# Missouri property owner charged with shooting river runner



## Cutch (Nov 4, 2003)

James Crocker charged with shooting Paul Dart Jr. in head during float trip | ksdk.com
Missouri Man Shoots River Runner | News from the Field | OutsideOnline.com

Wow. Condolences to the family. Worried about the precedent the outcome of the trial will set.


----------



## Randaddy (Jun 8, 2007)

Hopefully the precedent is hanging people for second degree murder. So sad.


----------



## BrianK (Feb 3, 2005)

This story is terrible. It's obviously here because of the river aspect, but nothing makes me more upset than people resolving disputes with a firearm. 

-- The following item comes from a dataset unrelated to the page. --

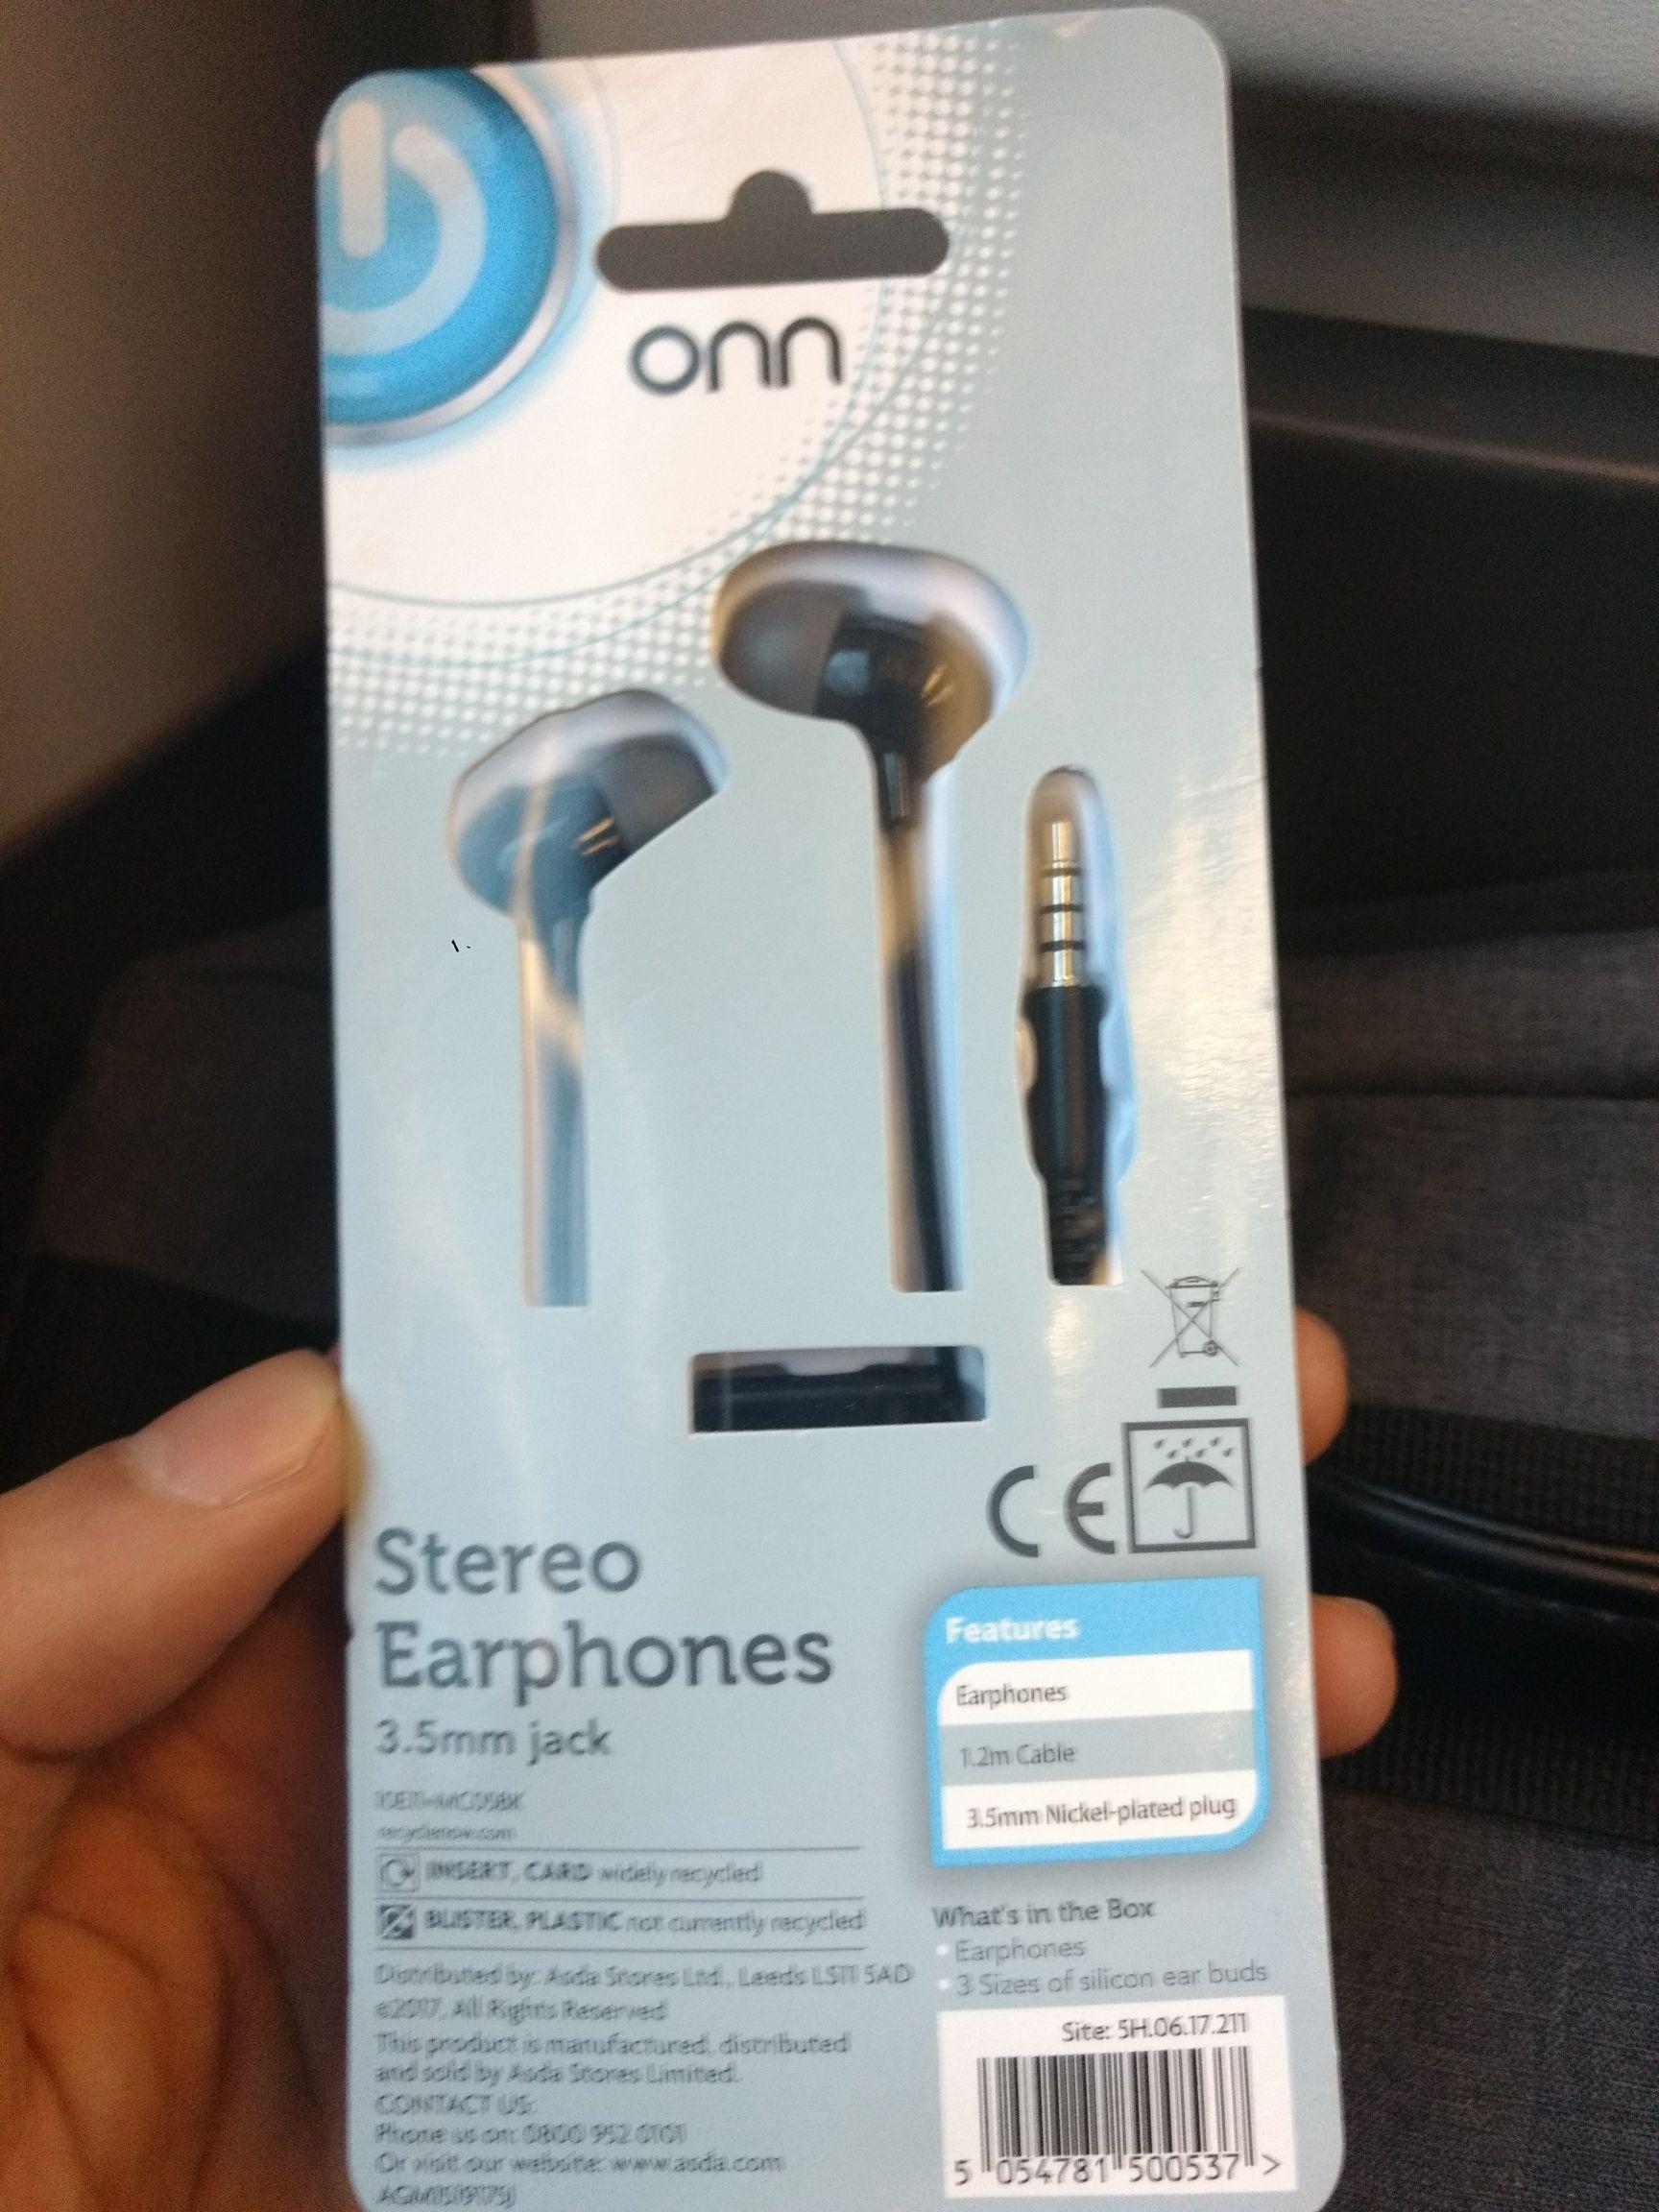 Stereo Earphones 30p @ Asda - Portsmouth

As far as precedent goes, these are all state issues so, to the extent that there is any negative precedent, it would be binding only in Missouri.


----------



## MightyKnight (Jun 19, 2012)

*A better article about this disgusting act*

James Robert Crocker charged: Army veteran is shot dead in front of family after cousin enrages landowner by urinating on gravel bar during annual floating trip | Mail Online


----------



## jennifer (Oct 14, 2003)

I hope this guy spends the rest of his life in jail and never gets to see his property again! Perhaps the property will be given to the murdered man's family as restitution.


----------



## MT4Runner (Apr 6, 2012)

Since when do floaters go on shore to pee?


----------



## cayo 2 (Apr 20, 2007)

He should be duct taped to George Zimmerman and Wayne La Pierre shackled to a large innertube and set adrift on the Stikine at high water!What is with private property assholes ?What does it hurt if someone stands on a gravel bar and pisses in the woods.Even if they did something wrong the penalty is not execution without due process.America 's love affair with privatizing and guns is a national disgrace.


----------



## deepstroke (Apr 3, 2005)

At least the guy was enough of a dumbass to make statements to the police that should aid in his prosecution.


----------